Methods. We report ALMA observations of PDS 70 at 145 GHz (Band 4), 343.5 GHz (Band 7), and 671 GHz (Band 9) and compare them with archival data at 97.5 GHz (Band 3). The derived radio spectral energy distribution (SED) of PDS 70c is coeval within two months, and is interpreted in terms of analytic models of dusty and viscous discs (i.e. circumplanetary discs, CPDs). In a novel approach, we include the free-free continuum from H I, metals (e.g. K I) and H⁻.

Results. New detections in Bands 3 (tentative at 2.6 σ), 4 (5 σ), and 7 (re-detected at 9 σ) are consistent with optically thick thermal emission from PDS 70c (spectral index α = 2 ± 0.2).
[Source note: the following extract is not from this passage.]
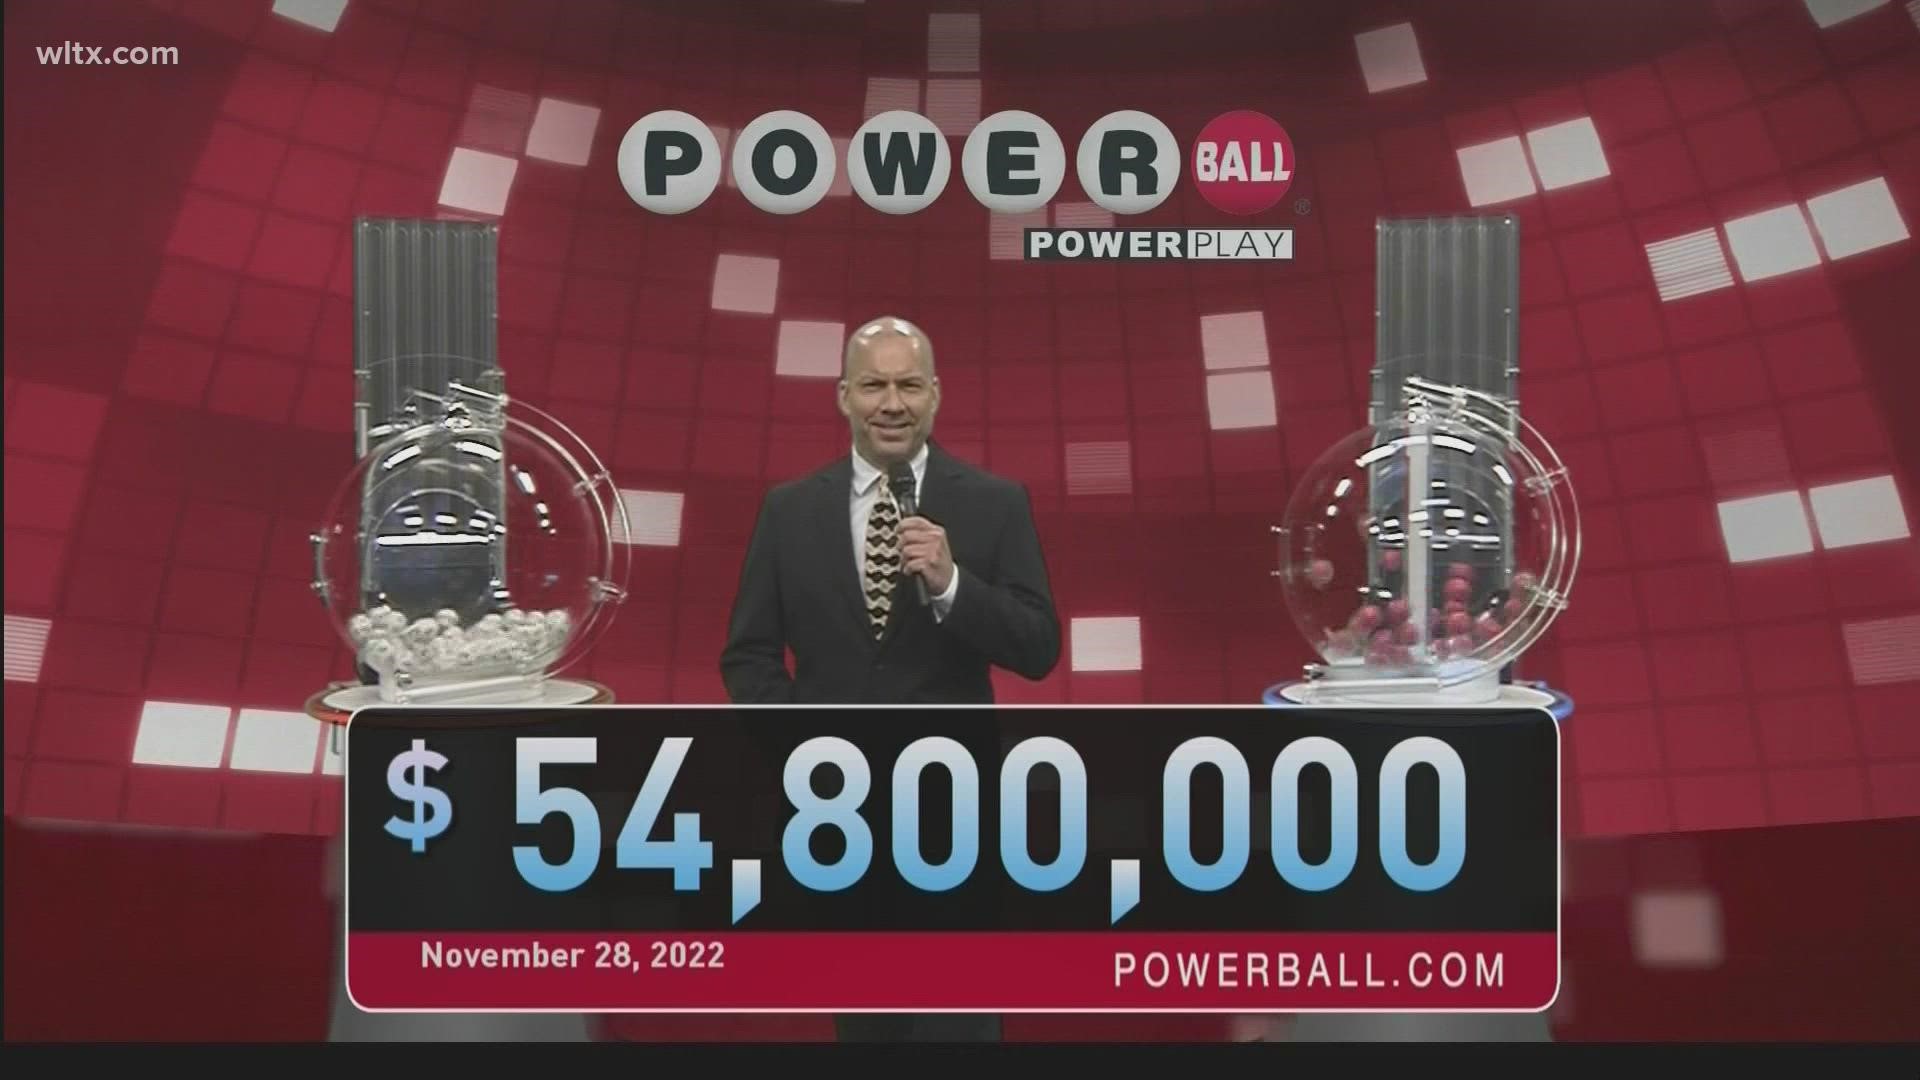 Here are the winning Powerball numbers for Monday, November 28, 2022.

However, a non-detection in Band 9 breaks this trend, with a flux density falling below an optically thick extrapolation at 2.6 σ. A viscous dusty disc is inconsistent with the data, even with the inclusion of ionised jets. Interestingly, the central temperatures in such CPD models are high enough to ionise H I, with huge emission measures and an optically thick spectrum that marginally accounts for the radio SED (within 3 σ of Band 9). Since there is no room for steeper components (with α > 2), the dust-to-gas ratio is lower than 10⁻⁵. By contrast, uniform-slab models suggest much lower emission measures to account for the Band 9 drop, with ionisation fractions of ∼10⁻⁷ and an outer radius of ∼0.1 au. Such conditions are recovered if the CPD interacts with a planetary magnetic field, leading to a radially variable viscosity, α(R) ≲ 1, and central temperatures of ∼10³ K that regulate metal ionisation. However, the H⁻ opacity still results in an optically thick SED, overshooting Band 9. We find that the optically thin turnover at ≳600 GHz is only recovered if a thin shocked layer is present at the CPD surface, as is suggested by simulations. A photospheric shock or accretion funnels are ruled out as radio emission sources because their small solid angles require T ∼10⁶ K, which are unrealistic temperatures in planetary shock accretion.

Conclusions. The SED of PDS 70c collected here is optically thick up to Band 7 but probably (2.6 σ) turns over towards Band 9. An optically thick spectrum can be explained by atomic plasma radiation from a magnetised disc, where the radio opacity stems from metal and H⁻ free-free. If so, PDS 70c is depleted of sub-millimetre-emitting dust by a factor of at least 1000. However, the turnover can only be accounted for by H I free-free from an accretion shock at the surface of a CPD.